With this post I'm starting a new category at House Enthusiast where I'll share "KHS work-in-progress". I posted some exterior and interior progress photos of this project over the winter in a "New-Small-House book tidbit" about transformation. Now the Touisset small-house renovation/addition is nearing substantial completion.
This is a kitchen/dining/family area addition off a c. 1910 ish cottage bungalow. We designed it to resemble an enclosed porch inside and out, though it's new construction. Windows wrap three sides and a cathedral ceiling with mahogany beams give it a porch-like quality. Daylight is shared by each of the overlapping kitchen/dining/family spaces and the increased ceiling height allows the various spaces to feel larger than the sum of their parts.

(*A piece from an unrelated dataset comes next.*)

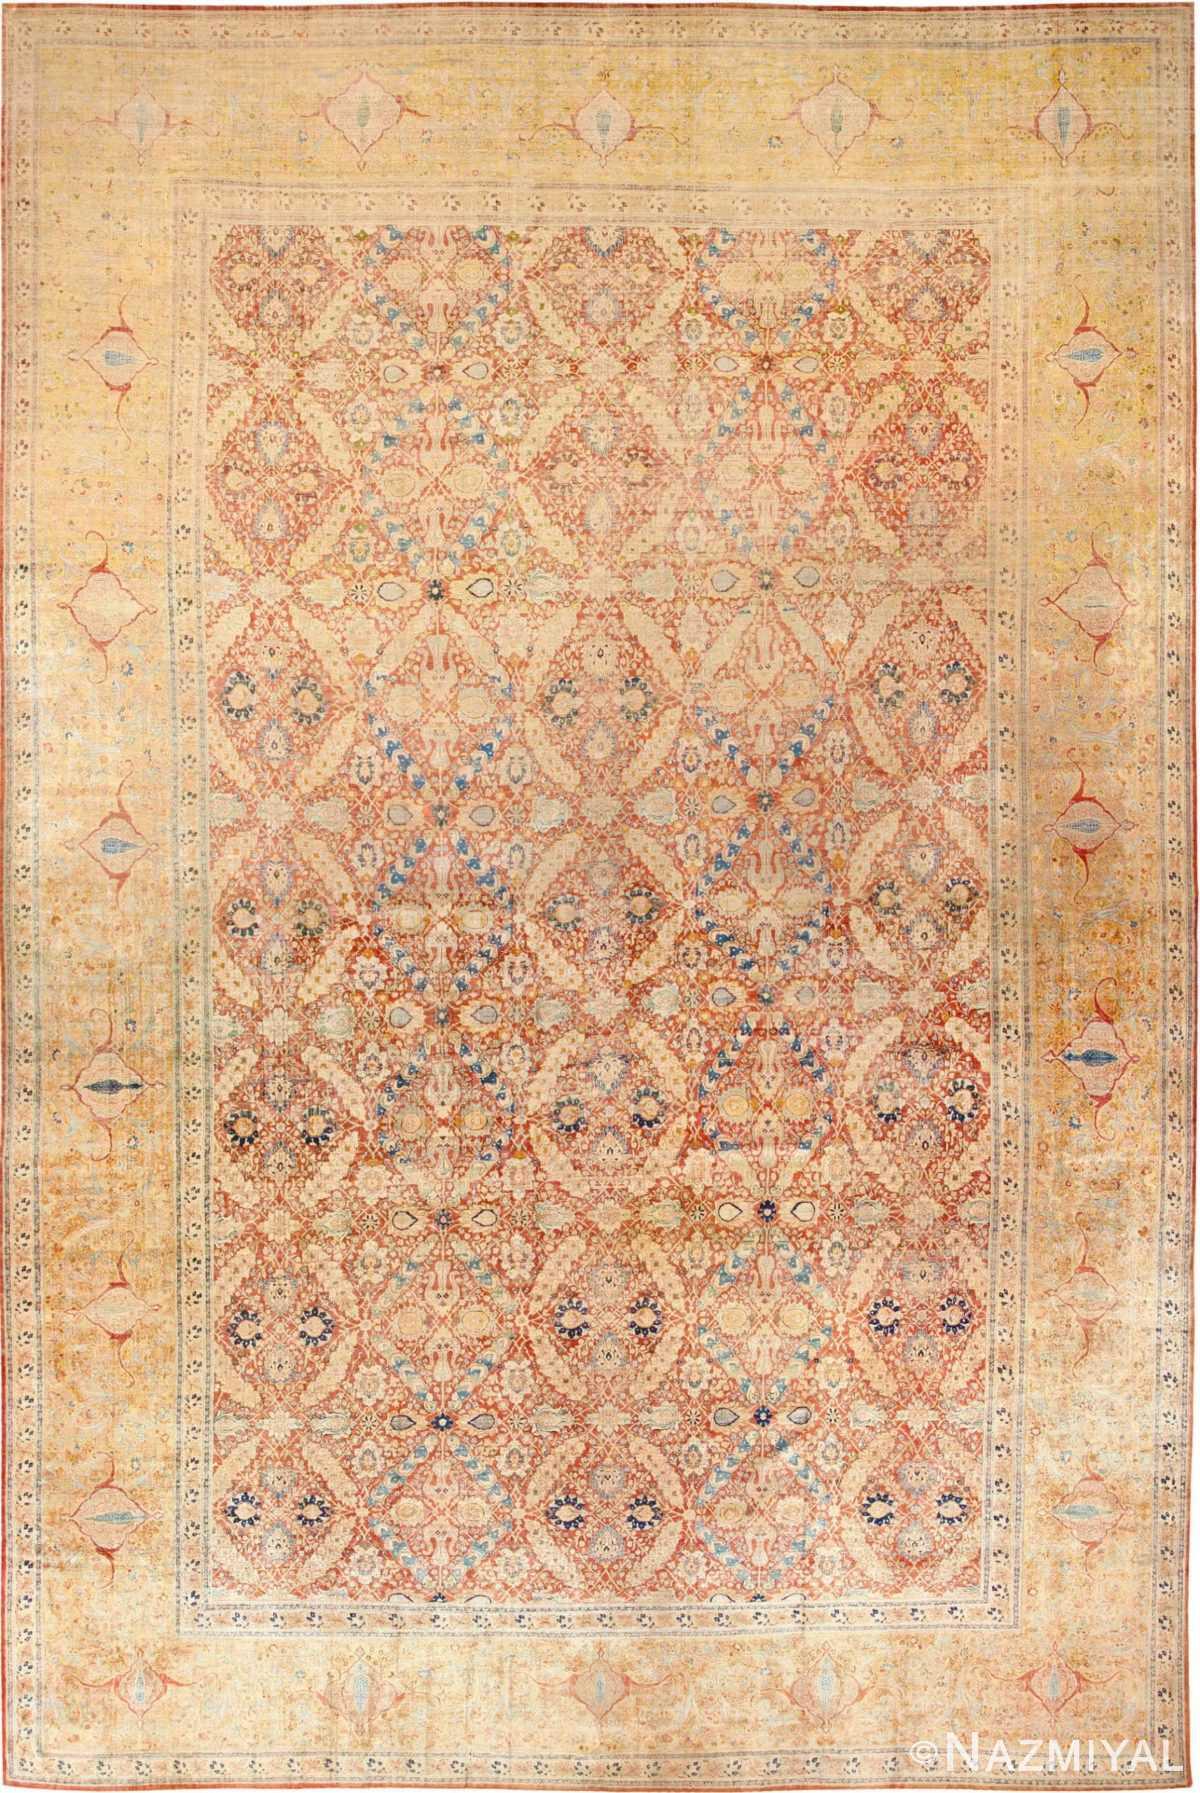 Oversized Antique Persian Silk Tabriz Haji Jalili Rug 48981 - Nazmiyal
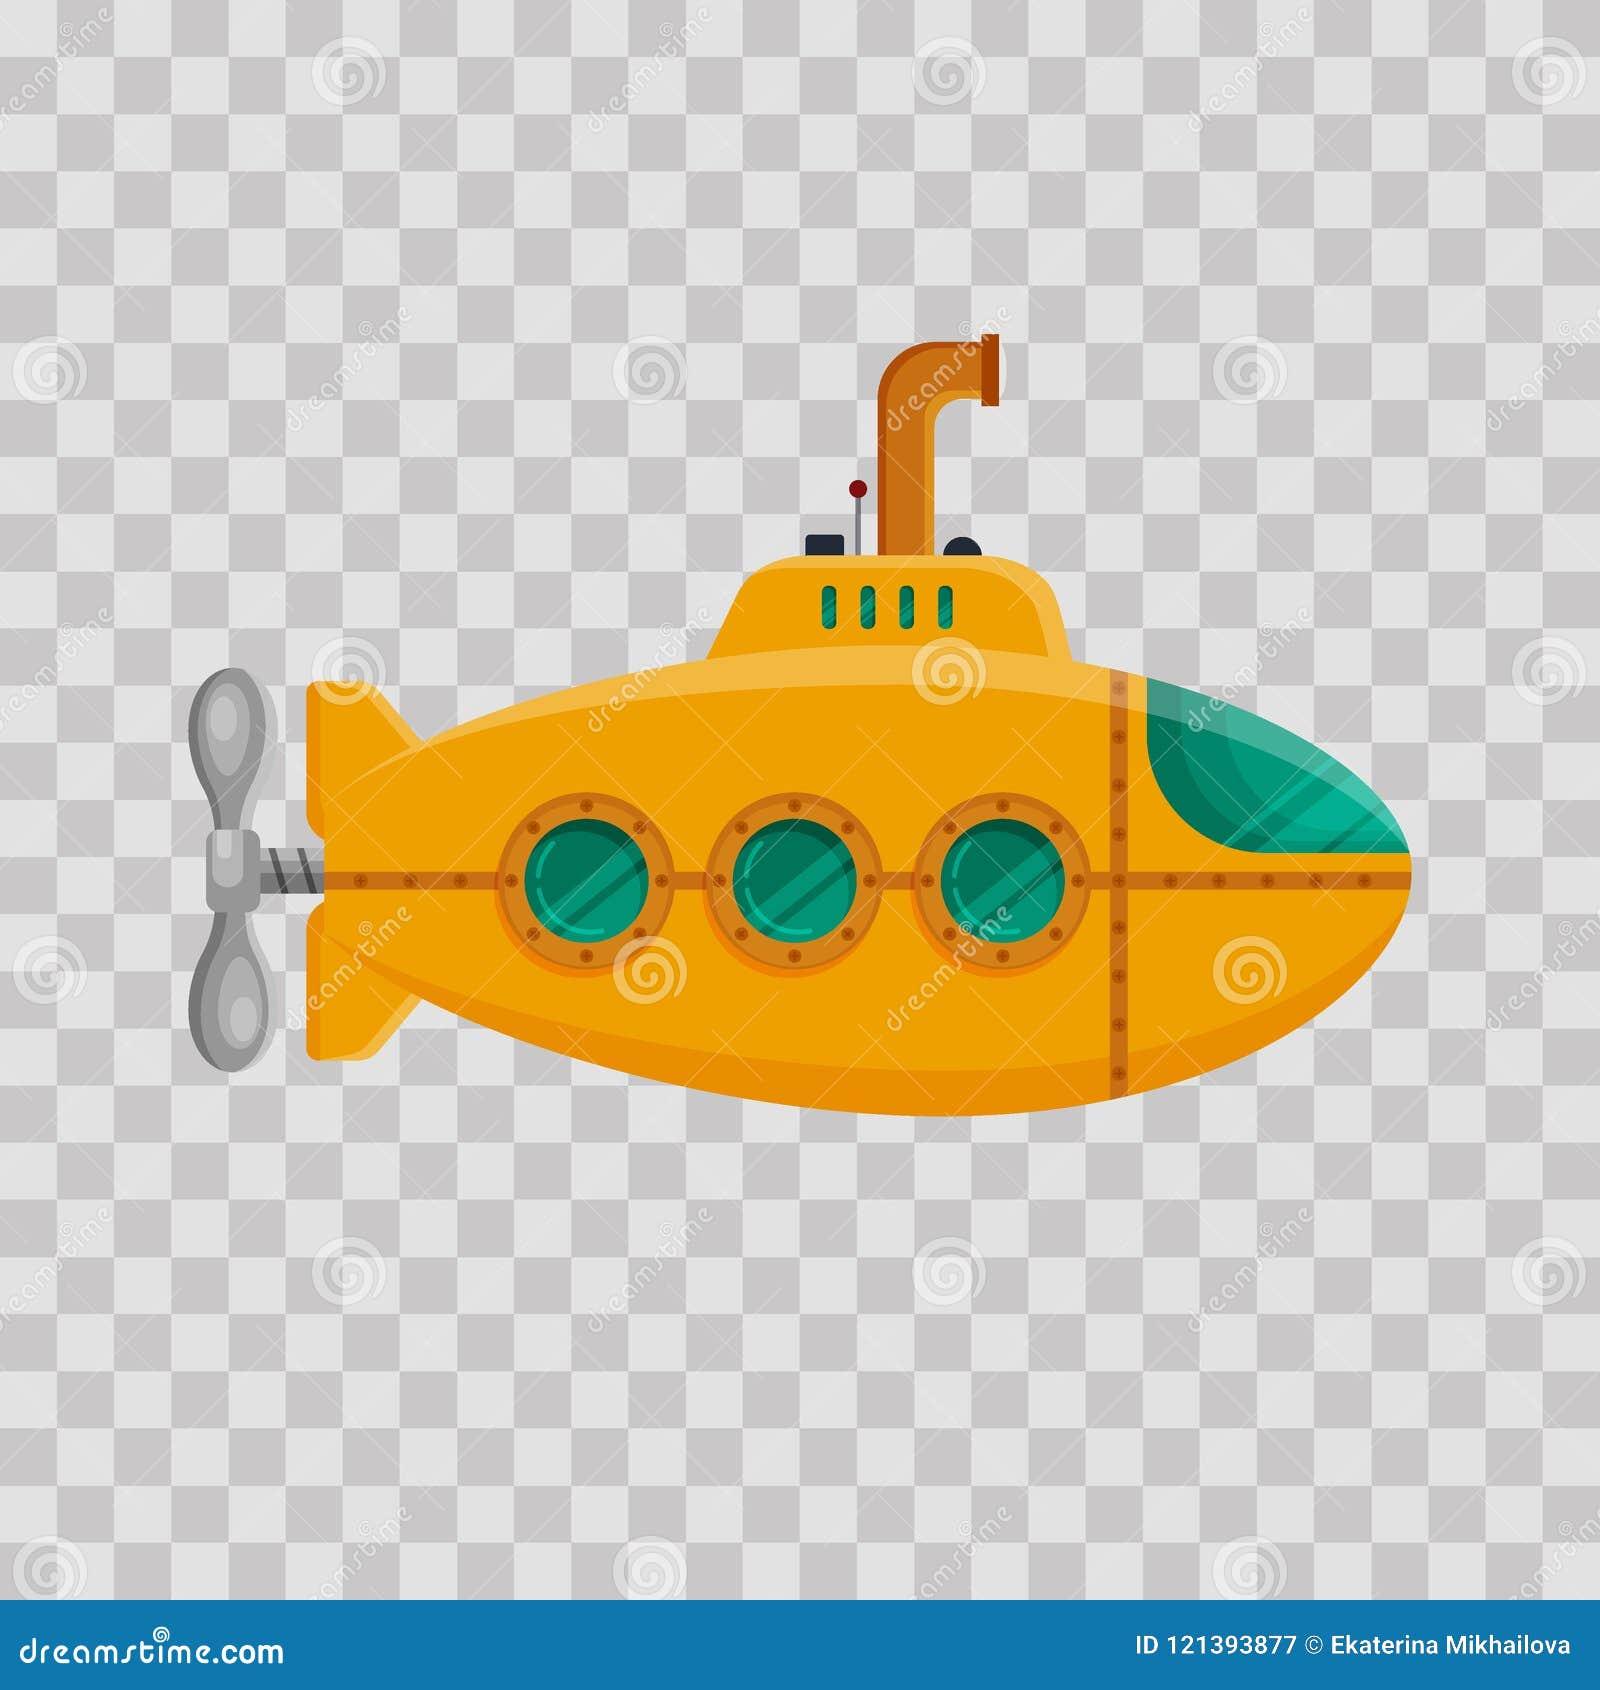 El Submarino Transparente En Amarillo Con Periscopio Fondo SjpqLzUMVG

Because windows line the counter work surface there are no overhead cabinets and therefore no undercabinet lights, so to provide task lighting, low-voltage cable lights stretch between beams. Tall cabinets, not seen to the right, provide storage for items that would otherwise have occupied overhead cabinets. A sliver of the built-in banquette is visible beyond the shaker-style cabinets and soapstone counters. The banquette and the built-in bench adjacent to the stair provide discreet locations for intimate gathering and slight remove from activity elsewhere in the space. A new gas heating stove is yet to be installed on the other side of bar-counter wall. The existing stair to the right, which used to run along the exterior wall of the house, now opens into the addition and sports a new guardrail on the addition side of the stair which plays off the existing square baluster design of the original guardrail on the other side of the stair.
Southern yellow heart pine floors tie the addition into the existing home and a family of industrial-inspired light fixtures with smoked glass and exposed filament bulbs provide cohesive warm accents throughout the kitchen/dining/family area. This multipurpose space offers a variety of spatial experiences for a variety of activities which will allow it to live larger.